In nature, we rarely find isolated, single individuals of any species; majority of them live in groups in a well defined geographical area, share or compete for similar resources, potentially interbreed and thus constitute a population.
Although the term interbreeding implies sexual reproduction, a group of individuals resulting from even asexual reproduction is also generally considered a population for the purpose of ecological studies.
All the cormorants in a wetland, rats in an abandoned dwelling, teakwood trees in a forest tract, bacteria in a culture plate and lotus plants in a pond, are some examples of a population.
In earlier chapters you have learnt that although an individual organism is the one that has to cope with a changed environment, it is at the population level that natural selection operates to evolve the desired traits.
Population ecology is, therefore, an important area of ecology because it links ecology to population genetics and evolution. A population has certain attributes that an individual organism does not. An individual may have births and deaths, but a population has birth rates and death rates. In a population these rates refer to per capita births and deaths, respectively.
The rates, hence, are expressed is change in numbers (increase or decrease) with respect to members of the population. Here is an example. If in a pond there are 20 lotus plants last year and through reproduction 8 new plants are added, taking the current population to 28, we calculate the birth rate as 8/20 = 0.4 offspring per lotus per year. If 4 individuals in a laboratory population of 40 fruitflies died during a specified time interval, say a week, the death rate in the population during that period is 4/40 = 0.1 individuals per fruitfly per week.
Another attribute characteristic of a population is sex ratio. An individual is either a male or a female but a population has a sex ratio (e.g., 60 per cent of the population are females and 40 per cent males). A population at any given time is composed of individuals of different ages. If the age distribution (per cent individuals of a given age or age group) is plotted for the population, the resulting structure is called an age pyramid.
For human population, the age pyramids generally show age distribution of males and females in a combined diagram. The shape of the pyramids reflects the growth status of the population - (a) whether it is growing, (b) stable or (c) declining.
The size of the population tells us a lot about its status in the habitat.
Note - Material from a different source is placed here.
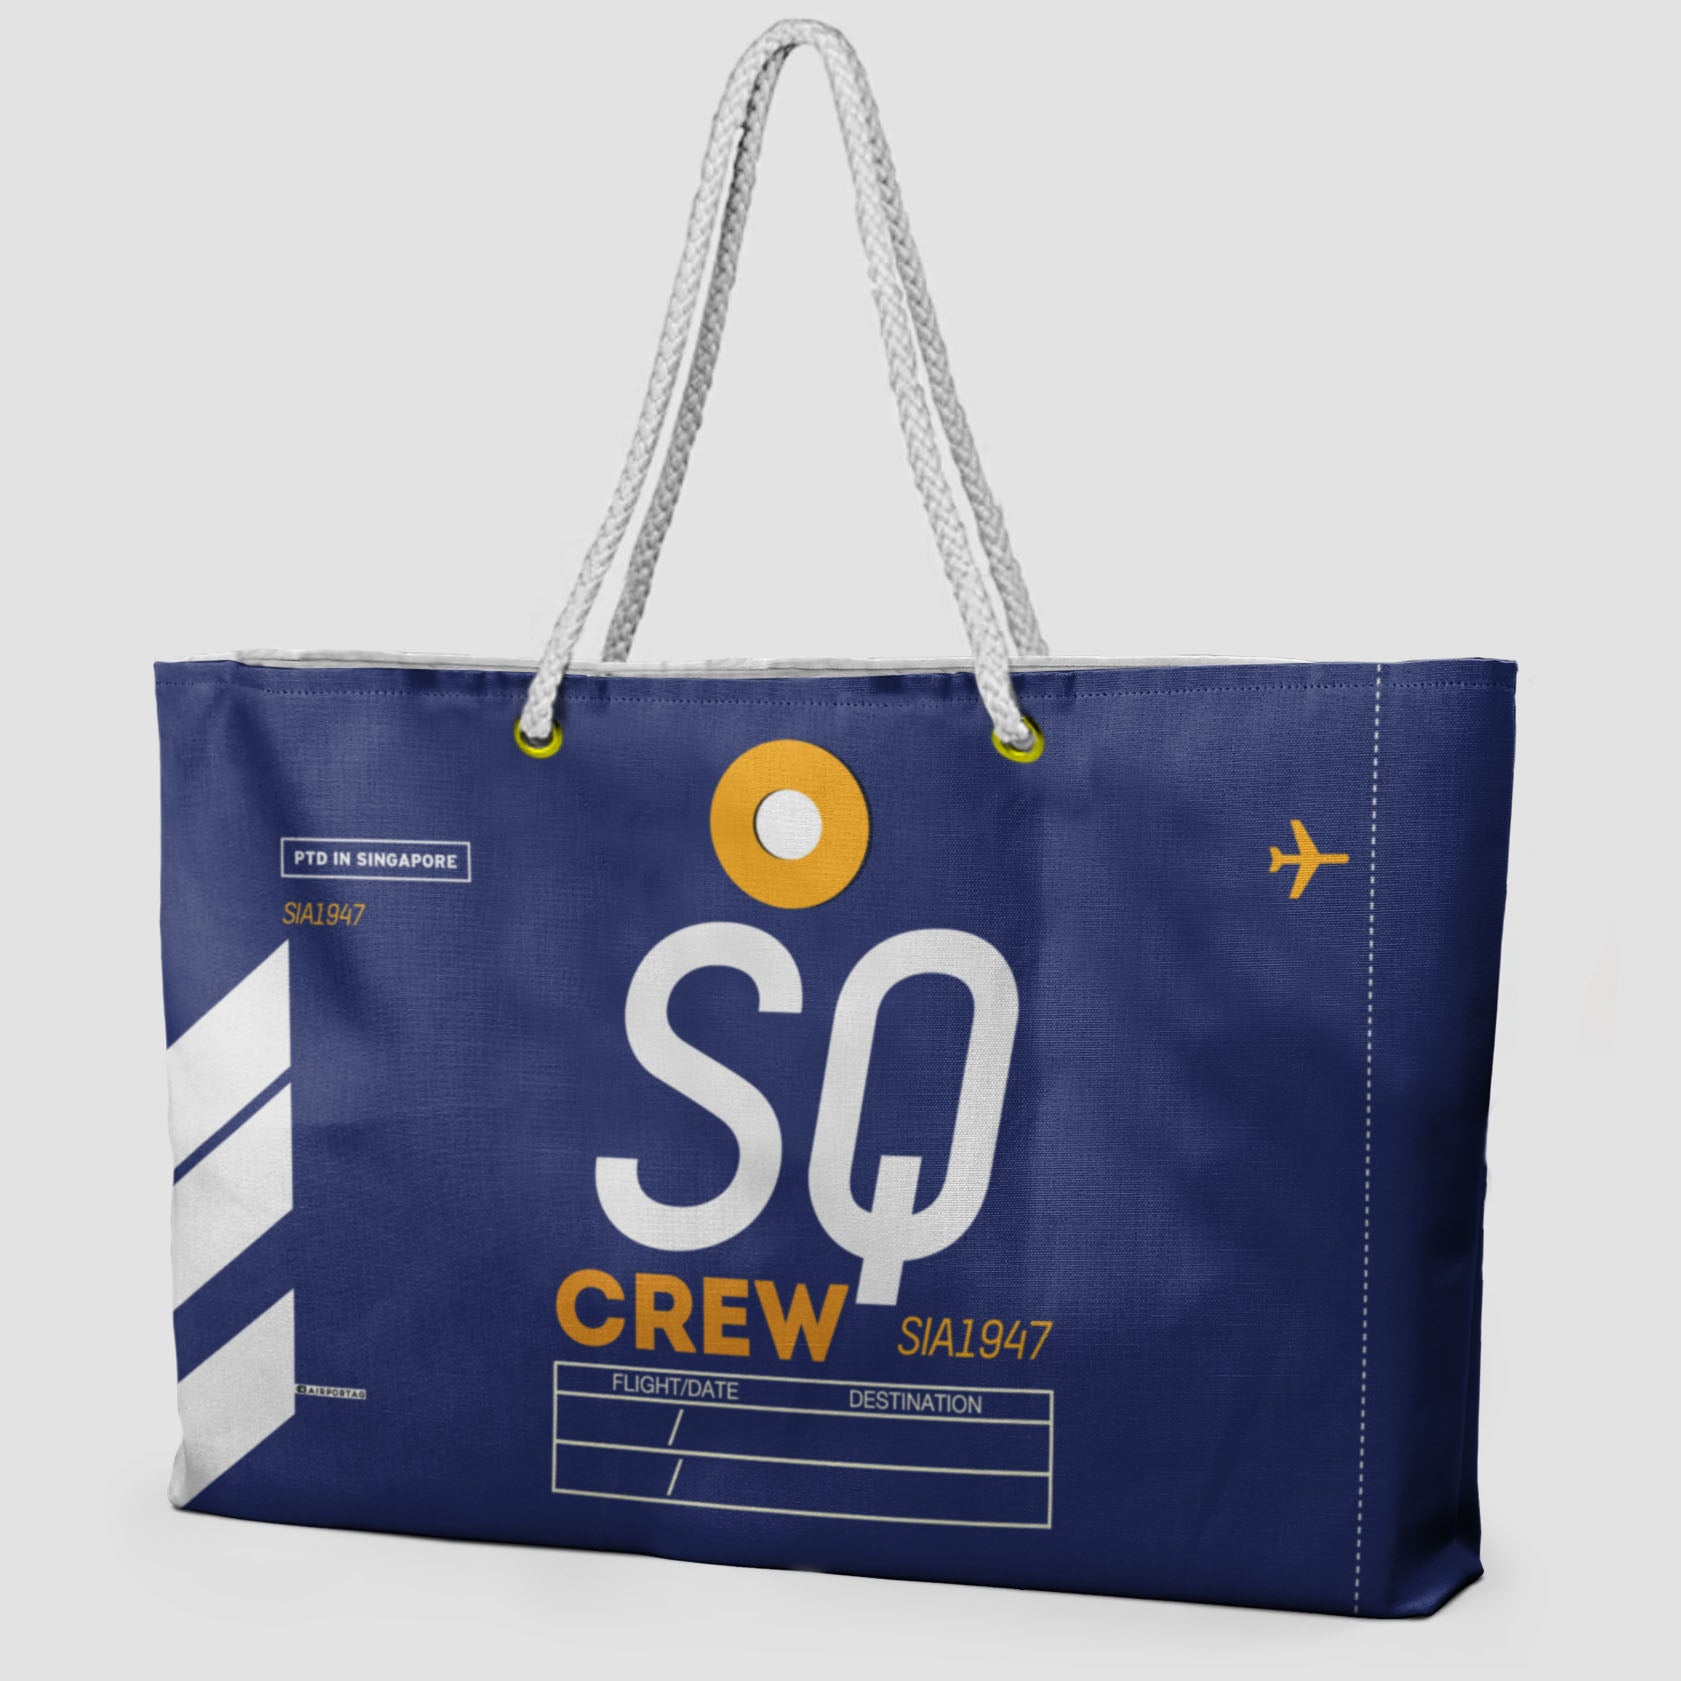 SQ - Weekender Bag - Airportag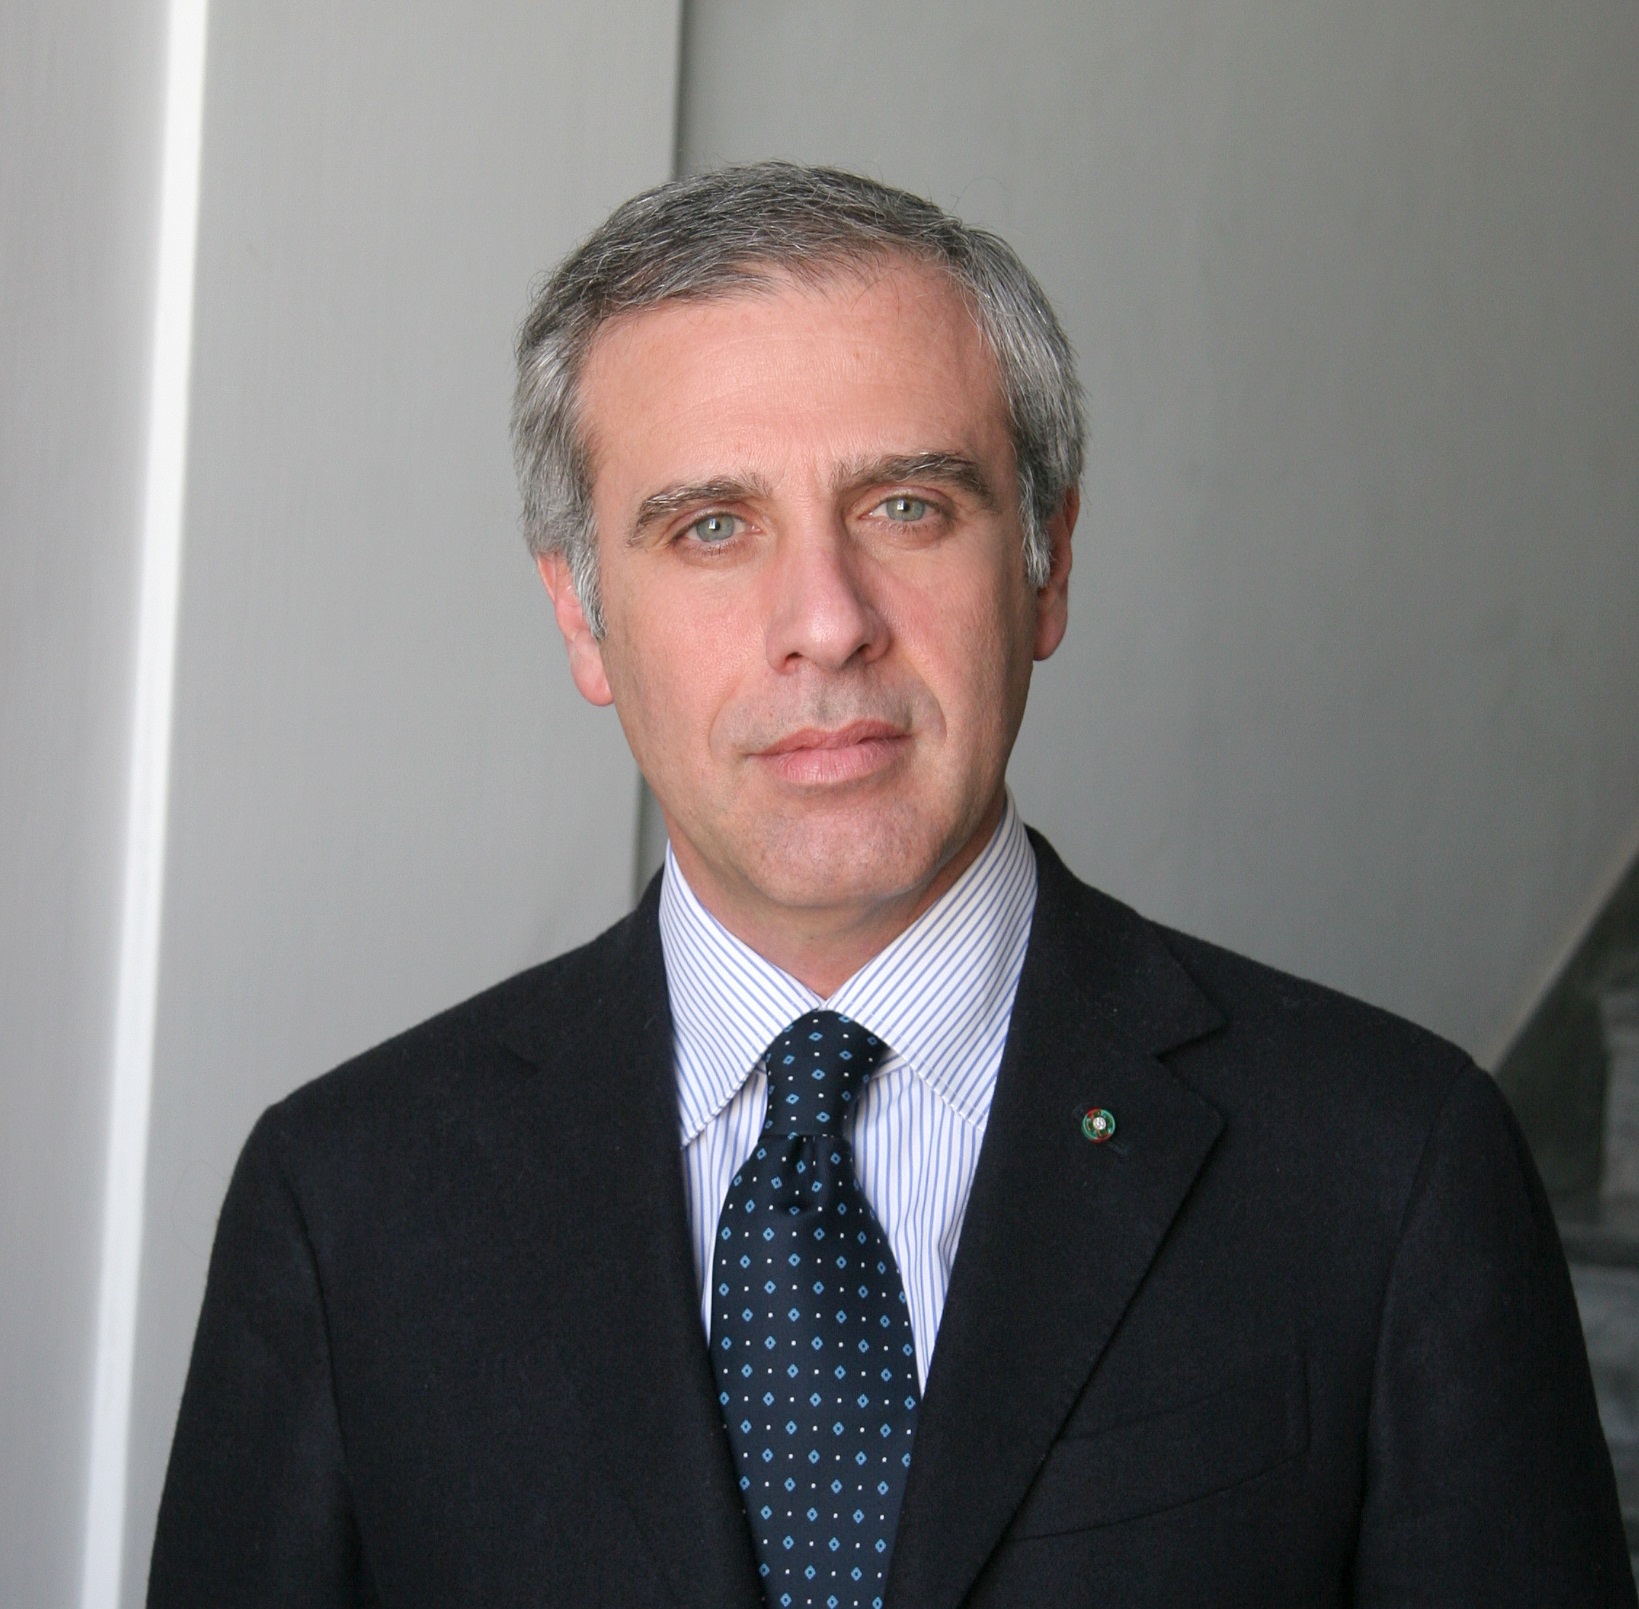 Paolo Scudieri

Whatever ecological processes we wish to investigate in a population, be it the outcome of competition with another species, the impact of a predator or the effect of a pesticide application, we always evaluate them in terms of any change in the population size.
The size, in nature, could be as low as <10 (Siberian cranes at Bharatpur wetlands in any year) or go into millions (Chlamydomonas in a pond). Population size, more technically called population density (designated as N), need not necessarily be measured in numbers only.
Although total number is generally the most appropriate measure of population density, it is in some cases either meaningless or difficult to determine. In an area, if there are 200 Parthenium plants but only a single huge banyan tree with a large canopy, stating that the population density of banyan is low relative to that of Parthenium amounts to underestimating the enormous role of the Banyan in that community.
In such cases, the per cent cover or biomass is a more meaningful measure of the population size. Total number is again not an easily adoptable measure if the population is huge and counting is impossible or very time-consuming. If you have a dense laboratory culture of bacteria in a petri dish what is the best measure to report its density? Sometimes, for certain ecological investigations, there is no need to know the absolute population densities; relative densities serve the purpose equally well.
For instance, the number of fish caught per trap is good enough measure of its total population density in the lake. We are mostly obliged to estimate population sizes indirectly, without actually counting them or seeing them. The tiger census in our national parks and tiger reserves is often based on pug marks and fecal pellets.